Honoré de Balzac wrote about the Splendeurs et misères des courtisanes; Alexandre Dumas fils published La dame aux camélias which centres around the courtesan Marguerite Gautier (Verdi chaged her name to Violetta Valéry in his opera version of the novel – ‘La Traviata’ translates as the Wayward One); Émile Zola introduced Nana into fiction; and Marcel Proust gave immortality to Odette Swann. In real life a number of courtesans started hosting a salon. Esther Lachmann, later Mme Villoing, later Mme la Marquise de Païva, later Countess Henckel von Donnersmarck, a lady of Polish Jewish descent born in a Moscow ghetto where her father worked as a weaver, was the most successful of nineteenth century courtesans.
When sharing a bed with the celebrated pianist Henri Herz in Paris, she invited various guests to attend her salon – these included Richard Wagner, Hans von Bülow, Théophile Gautier and Émile de Giradin. At a Baden spa she met Portuguese marquis Albino Francesco de Païva-Araujo. She married him on 5 June 1851, acquiring a fortune, a title, and her nickname, ‘La Païva’. She left him the next day. Her final conquest was Prussian Count Guido Henckel von Donnersmarck (who gave her the famous yellow Donnersmarck diamonds). With his money, she erected the elegant Hôtel de Païva at the Champs-Élysées (designed by Pierre Manguin), a mansion notorious for lush parties that became symbolic for the decadent taste of the Second Empire.
Adolphe Monticelli’s painting ‘Une soireé chez La Païva’ gives an indication of the sumptuous surroundings in which these gatherings took place. Apollonie Sabatier, nicknamed ‘La Présidente’ by Edmond de Goncourt, was a bohémienne and courtesan who during the 1850s hosted a splendid salon at no. 4 Rue Frochot, a spacious apartment consisting of seven rooms built in 1838. There she met and entertained the élite of French art at the time, from Gérard de Nerval to Gustave Flaubert, Maxime Du Camp, Alfred de Musset, Hector Berlioz, Victor Hugo, Sainte-Beuve Jules de Barbey d’Aurevilly, and Édouard Manet.
Between 1852 and 1854 Charles Baudelaire addressed a number of poems to Apollonie, celebrating her as his Madonna and Muse (later collected in Les fleurs du mal). Gustave Flaubert and Théophile Gautier dedicated articles to her, fashionable Vincent Vidal painted her portrait, and in 1847 Auguste Clésinger sculpted her figure in marble as ‘Femme piquée par un serpent’ (woman bitten by a snake) which created a scandal at the Salon of that year. Belgian aristocrat and industrialist Alfred Mosselman who had made a fortune in civil engineering paid her bills (this eventually caused his bankruptcy which forced him to auction his famous art collection in the early 1860s). Gustave Courbet portrayed the pair in his famous painting ‘L’atelier du peintre’. After Mosselman’s death, Sabatier became mistress to art collector Sir Richard Wallace. Over the years she had developed a fine and costly feeling for aesthetics.

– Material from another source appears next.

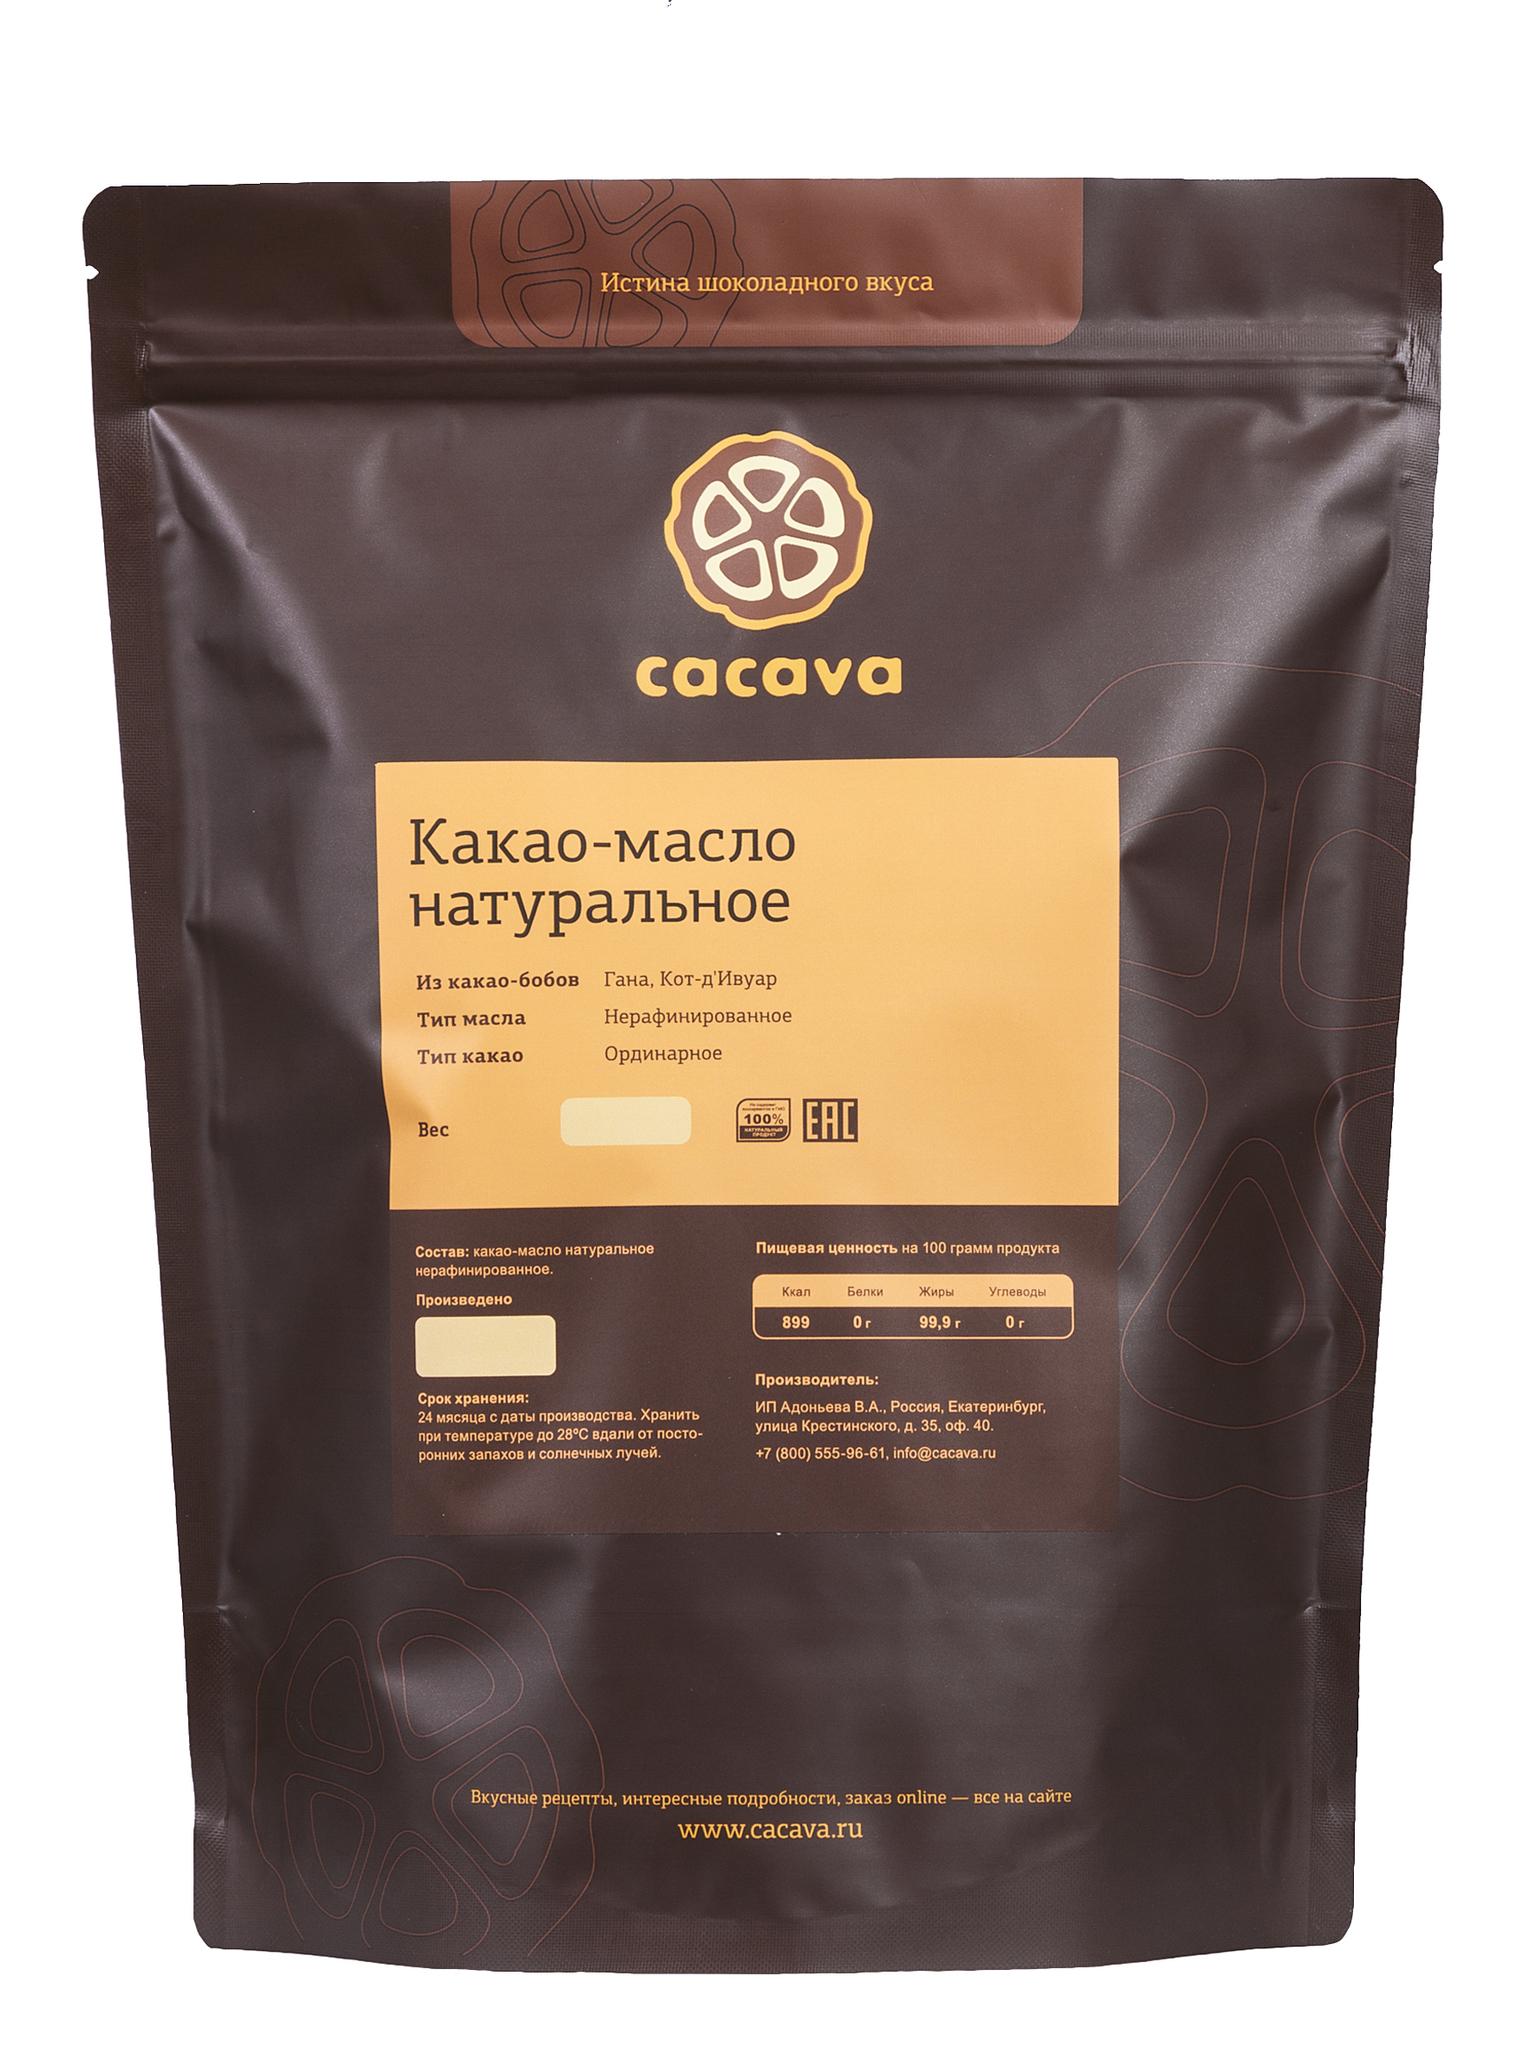 Какао-масло натуральное нерафинированное (Африка), упаковка 1 кг

The name Frochot holds an honourable place in the annals of Parisian history. In the Middle-Ages, one of the Eastern hills near the capital was named ‘Champ-l’Evêque’ because it belonged to the Bishop of Paris. In 1626 the Jesuits acquired the land and property which they turned into a convalescence home. François d’Aix, Seigneur de La Chaise, also known as the Père Lachaise, spent most of his time in the Jesuits’ house and contributed to its beauty by creating idyllic gardens. The Jesuits left in 1762. The domain was acquired by Count Nicolas Frochot who, at the time, was prefect of Paris (in 1806 his portrait was painted by Andrea Appiani the Elder). He decided to use it as a burial ground.
The cemetery was designed by leading architect Alexandre-Théodore Brongniart. Originally simply known as ‘cimétìère de l’Est’, it became soon known as the ‘Père Lachaise’, in loving memory of the confessor of Louis XIV. The cemetery was styled in the shape of an English garden and its broad avenues were decorated with lime and chestnut trees. When it opened for business on 21 May 1804, it was meant for Parisians living in one of the four districts of the Right Bank. However, affluent people did not want to be buried in what was considered a poor district. Many traditional superstitions concerning interment remained unchanged. Christians refused to have their graves dug in a place that had not been blessed by the Church. The opening of a new graveyard posed a particular challenge. No one would volunteer one of their deceased relatives to be the first to be interred, because of the widespread belief that the Devil would claim the soul of that particular corpse for himself.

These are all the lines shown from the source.